C. David Cerullo (born October 23, 1952, in Newburgh, New York)
is an American Pentecostal minister and televangelist who promotes prosperity theology. Chairman and CEO of The Inspiration Networks, Cerullo is also an entrepreneur and businessman.

Early life and education
The son of international evangelist Morris Cerullo, Cerullo is a graduate of Oral Roberts University with a degree in business administration.

Ministry

The Inspiration Networks
Under Cerullo's leadership, The Inspiration Networks, which includes INSP, Inspiration Network International (INI), and La Familia Cosmovision, a Spanish-language network for Hispanic families, the combined viewership has reached more than 150 million households across the globe.

The flagship network INSP carries a variety of programming, ranging from ministry programming to such wholesome family classics as The Waltons, Little House on the Prairie, The Virginian, Bonanza, Daniel Boone, and The High Chaparral.

Cerullo's Inspiration Network compensation in 2012 was nearly $1.7 million, with his wife and two children additionally receiving more than $100,000 each, according to a 2013 report by the Chronicle of Philanthropy.

Inspiration Campmeeting
INSP periodically airs revival specials, known as Inspiration Campmeeting, which also feature evangelists such as Mike Murdock and George Bloomer, and Christian recording artists such as Judy Jacobs, Sandi Patti and Larnelle Harris. Ministry Contributions and prayer requests can also be made during the airing of these specials.

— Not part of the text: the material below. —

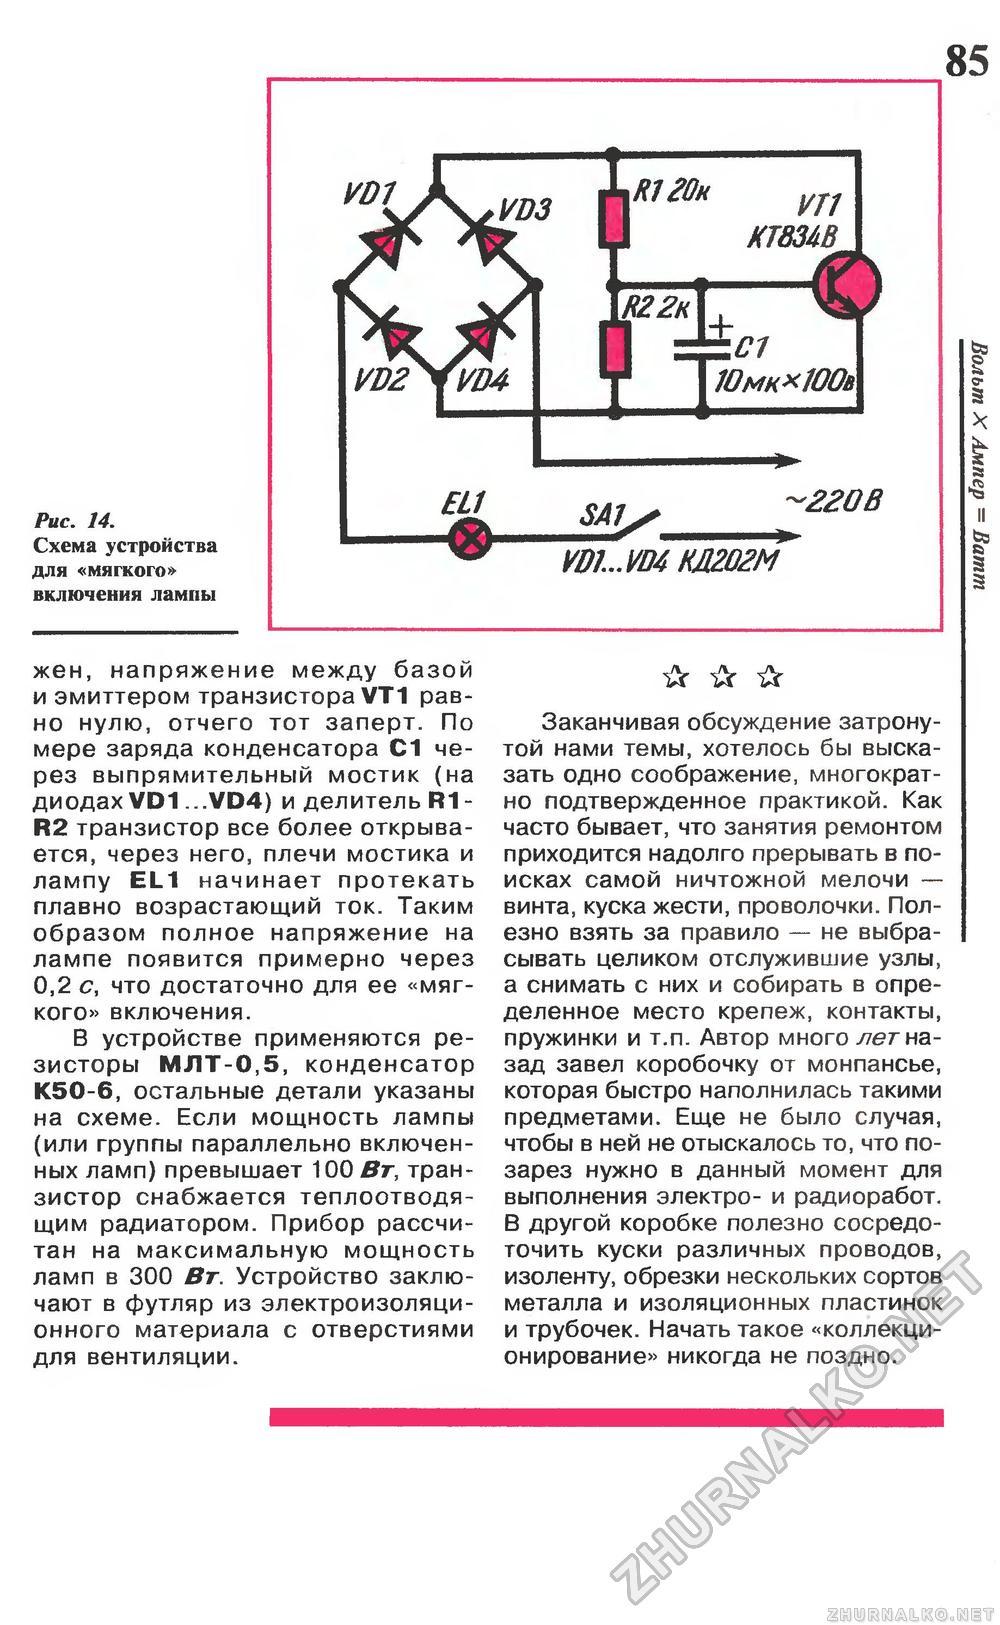 Схема для плавного включения галогенных ламп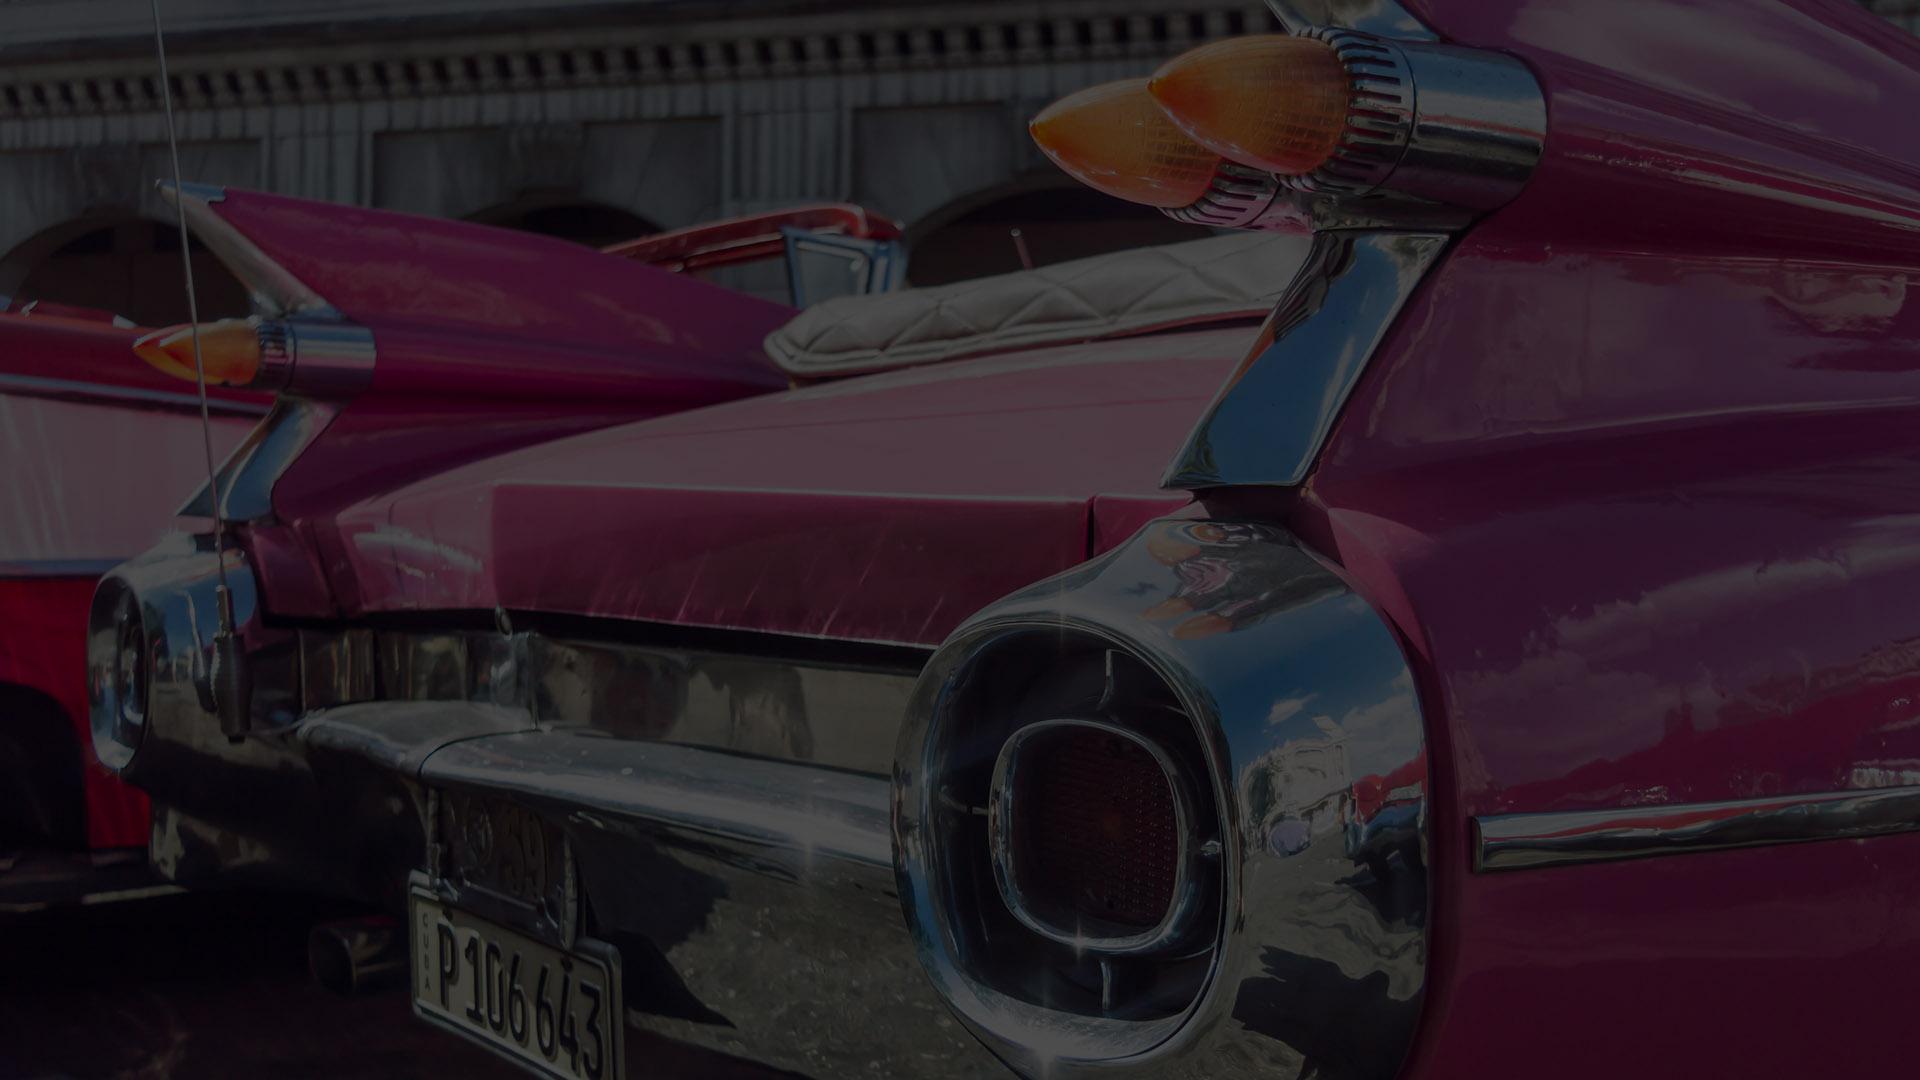 voitures retro

Entrepreneur and businessman
In addition to organizing international business projects, Cerullo founded an advertising and public relations firm, a management consulting firm, and a real estate company that developed and constructed hotels, commercial office buildings, single-family home subdivisions, apartments and retail.

Criticism
Cerullo and family have received criticism due to building a $4 million gated-community home on Lake Keowee in South Carolina. Boasting 9,000 square feet, and one of the most expensive homes in the area, the purchase brought concern from viewers who donated money to the organization.

The home, with 4 bedrooms and 5 full and 3 half baths and located on 1.12 acres at 138 Blue Water Trail, Salem, SC 29676, was subsequently listed for resale on Realtor.com beginning on February 16, 2013, for $5.95 million and then after delistings and relistings on March 23, 2015, (MLS 20152389) for $4.95 million.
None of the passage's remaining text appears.